*** DATA SHOWN

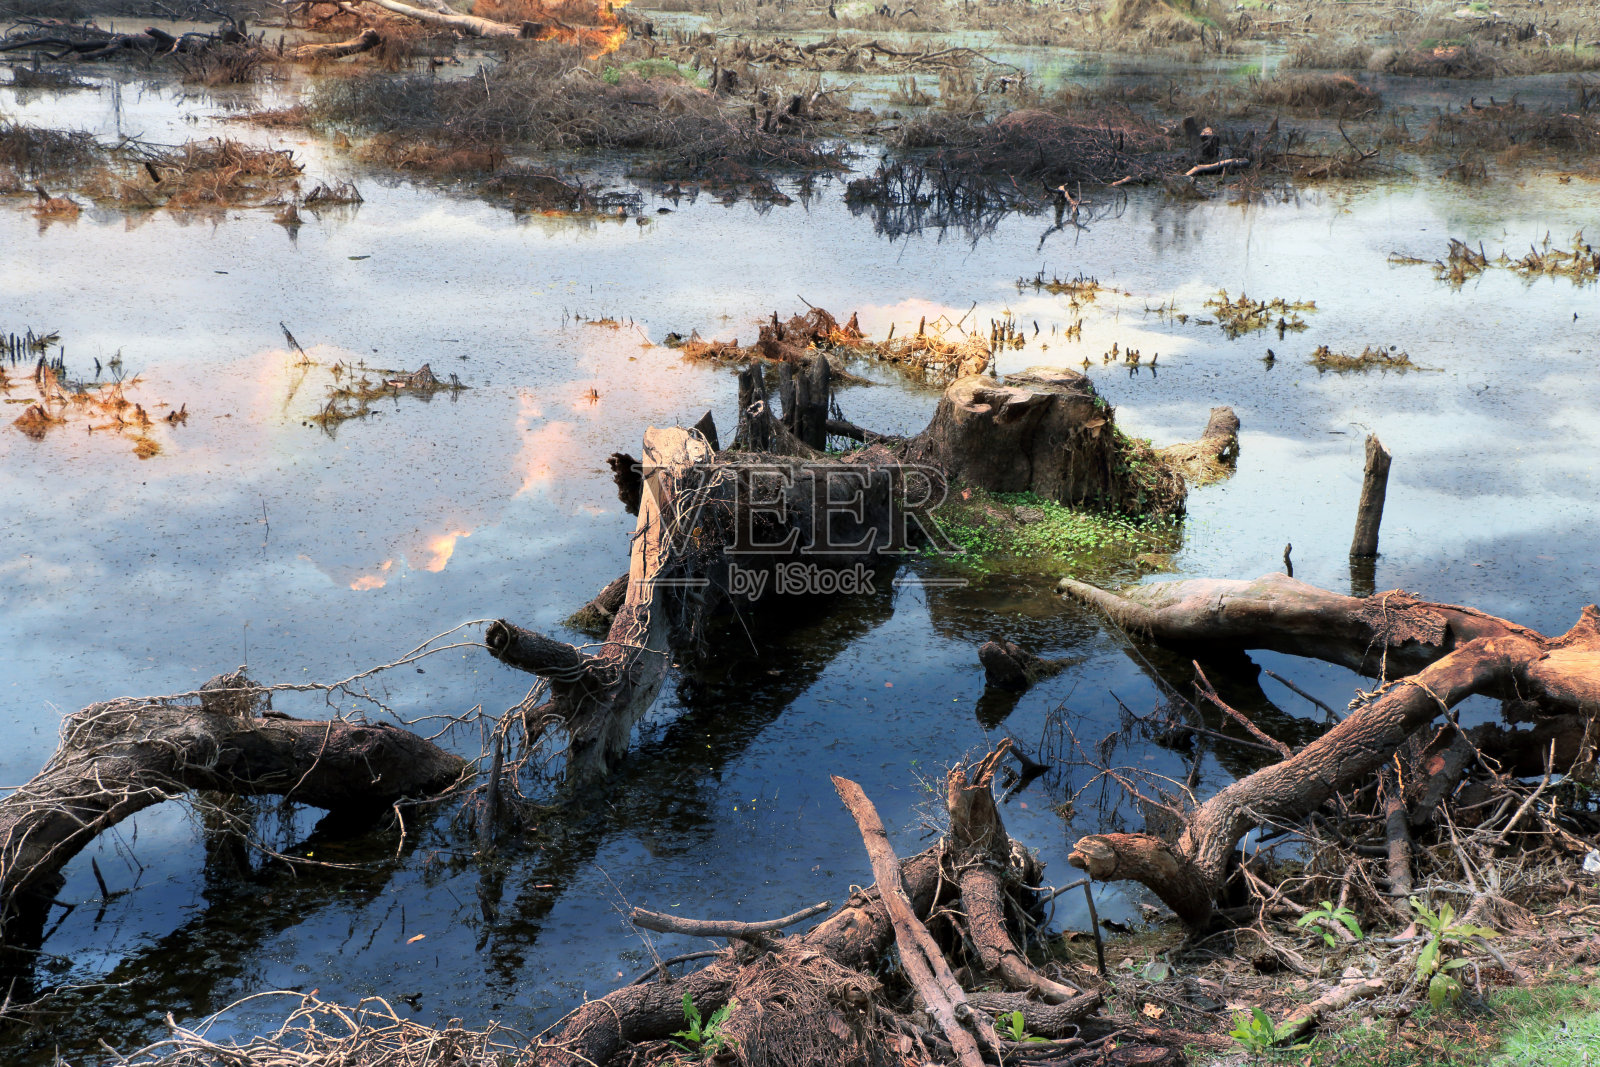 森林砍伐景观-生态与环境问题照片摄影图片
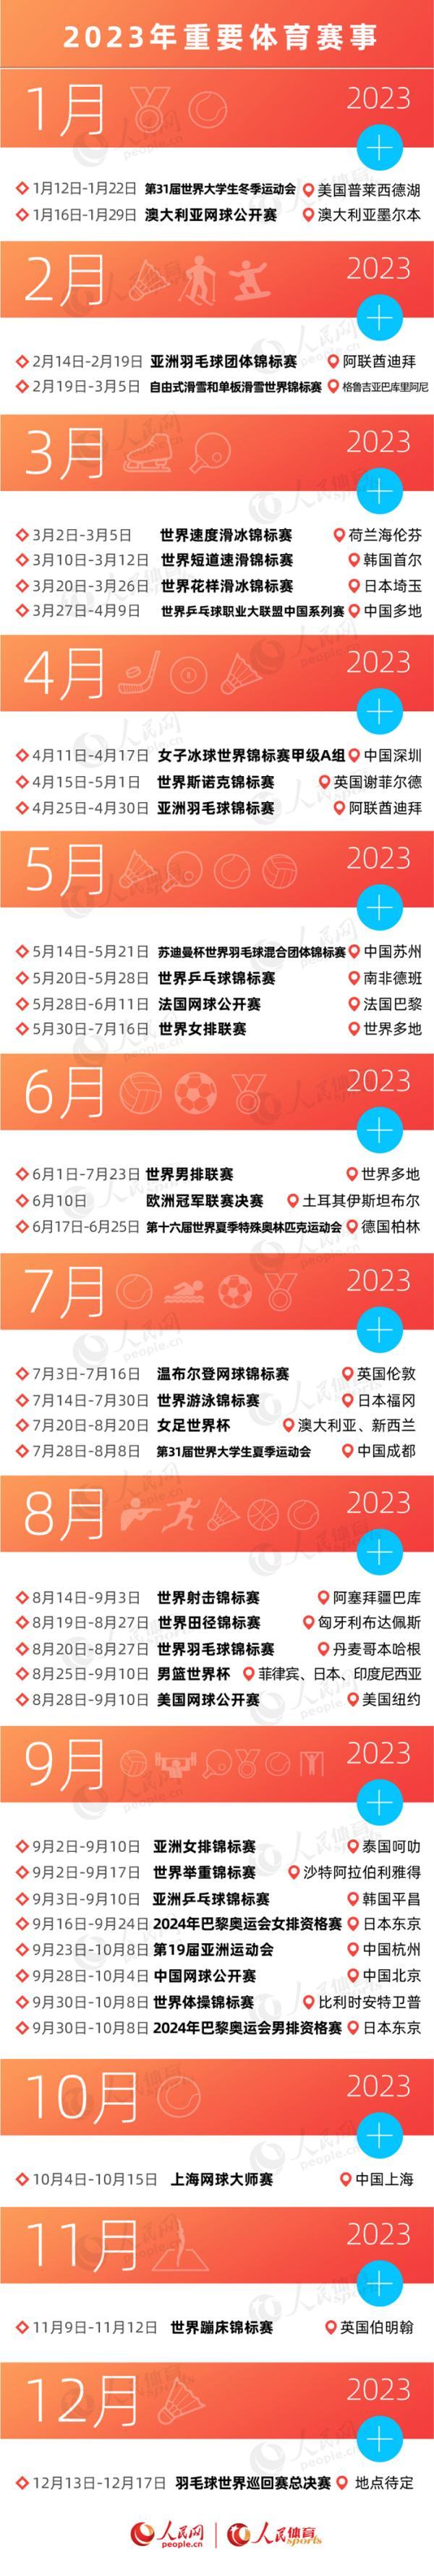 2023年也是体育大年，因疫情延期的成都大运会、杭州亚运会，
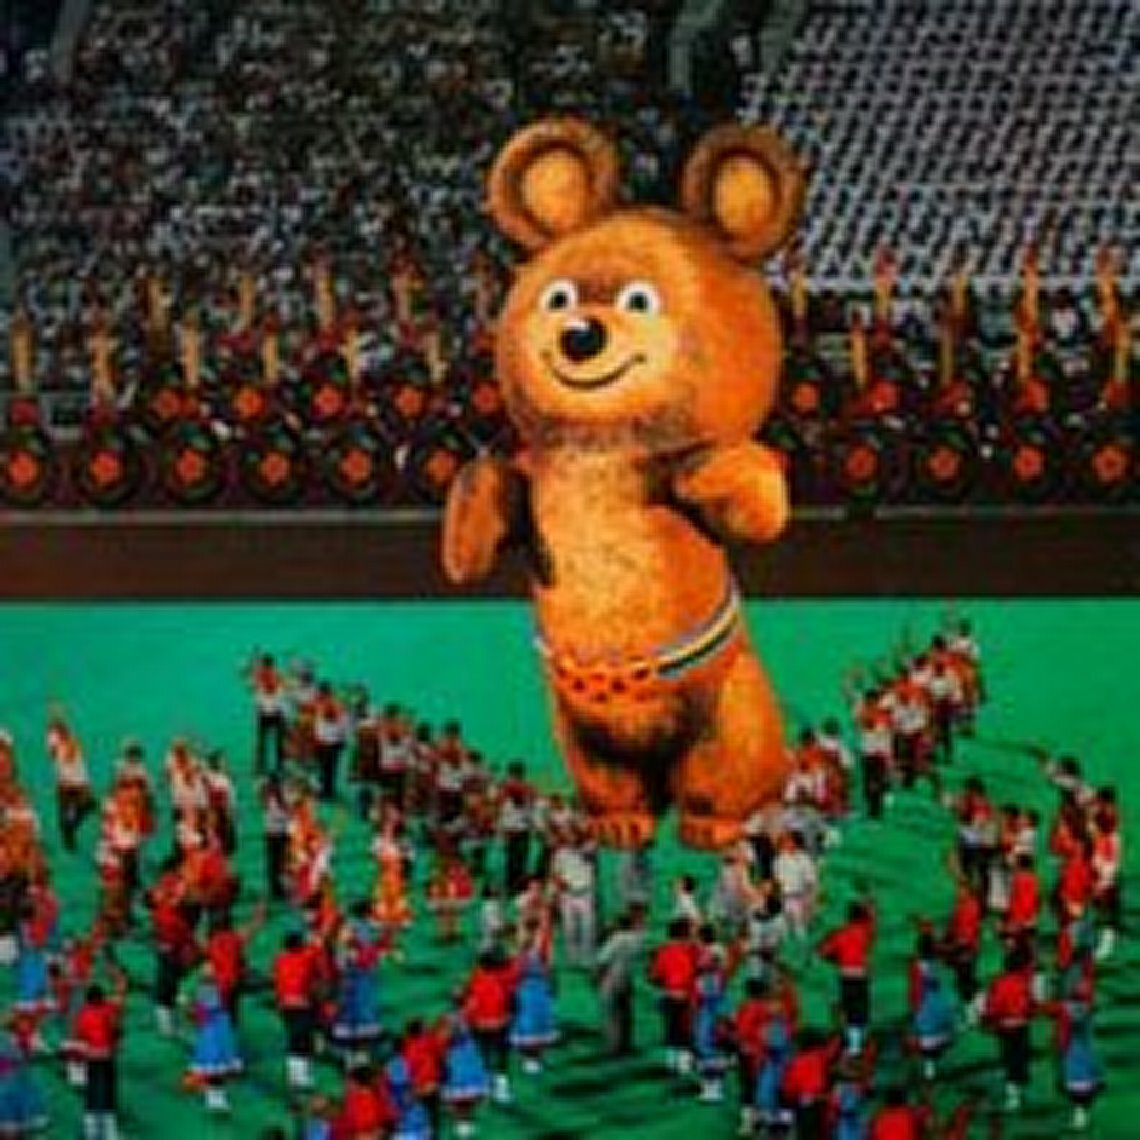 До свидания наш ласковый миша. Закрытие олимпиады 80. Церемония закрытия олимпиады 80 в Москве. Гостям олимпиады - 80.
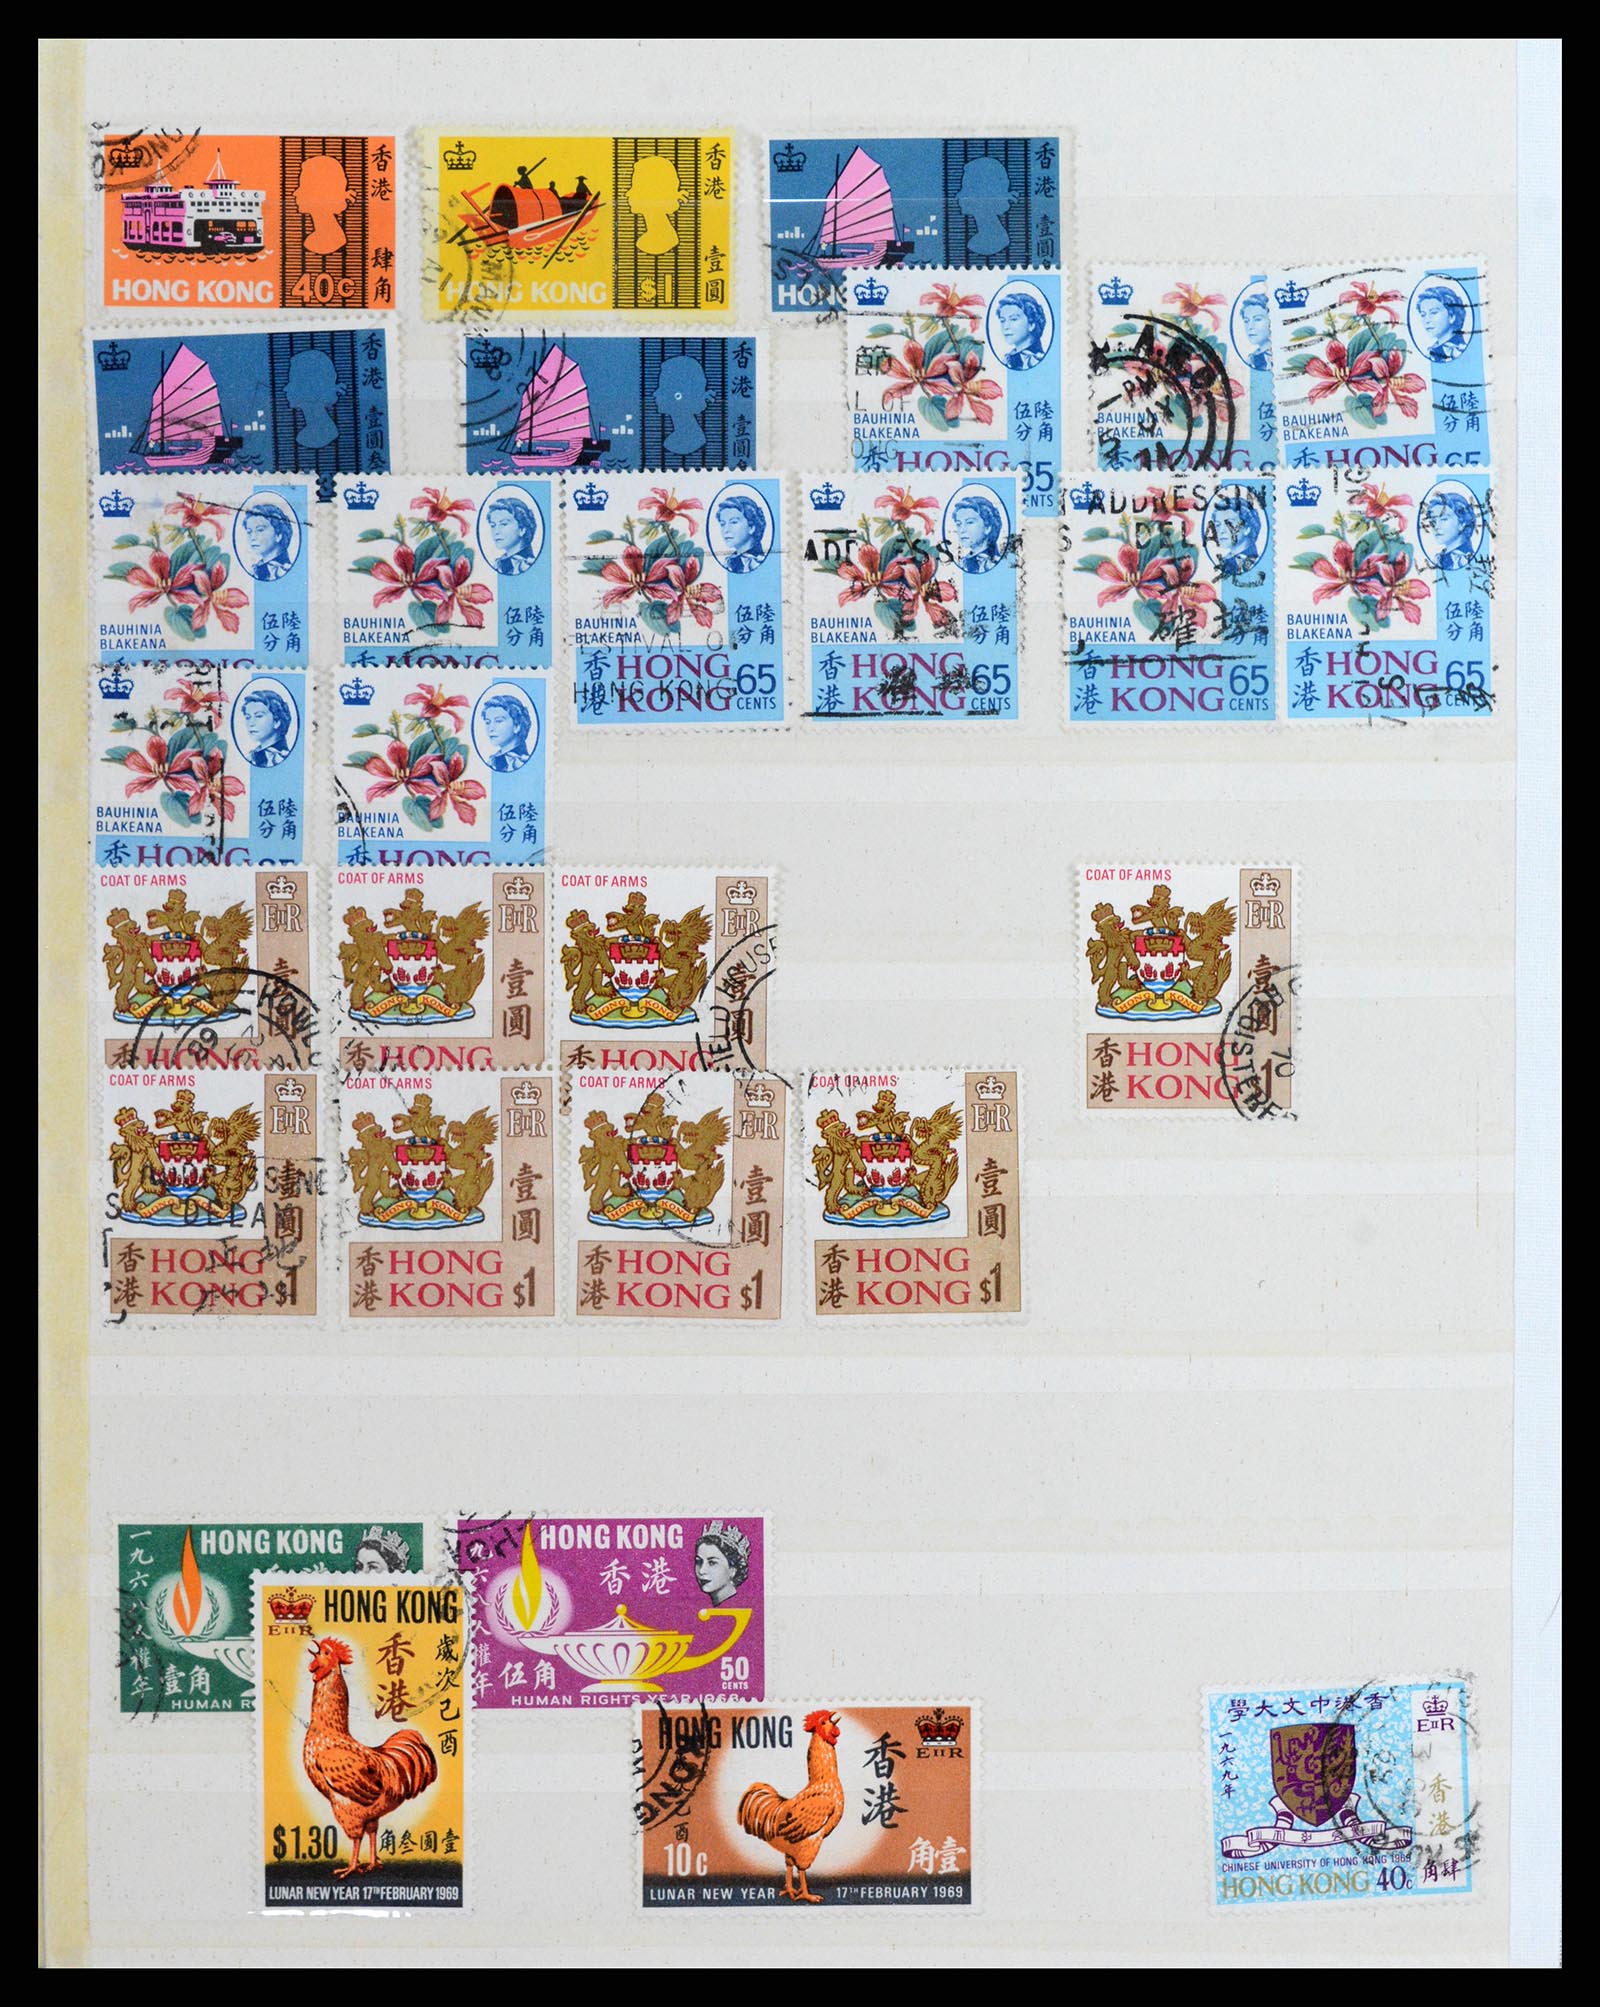 37358 020 - Stamp collection 37358 Hong Kong 1861-1997.

******

> _TASK DIRECTIONS_
The data must be printed exactly, image-free.

> _ANSWER AREA_
 森林砍伐景观-生态与环境问题照片摄影图片
 2023年也是体育大年，因疫情延期的成都大运会、杭州亚运会，
 До свидания наш ласковый миша. Закрытие олимпиады 80. Церемония закрытия олимпиады 80 в Москве. Гостям олимпиады - 80.
 37358 020 - Stamp collection 37358 Hong Kong 1861-1997.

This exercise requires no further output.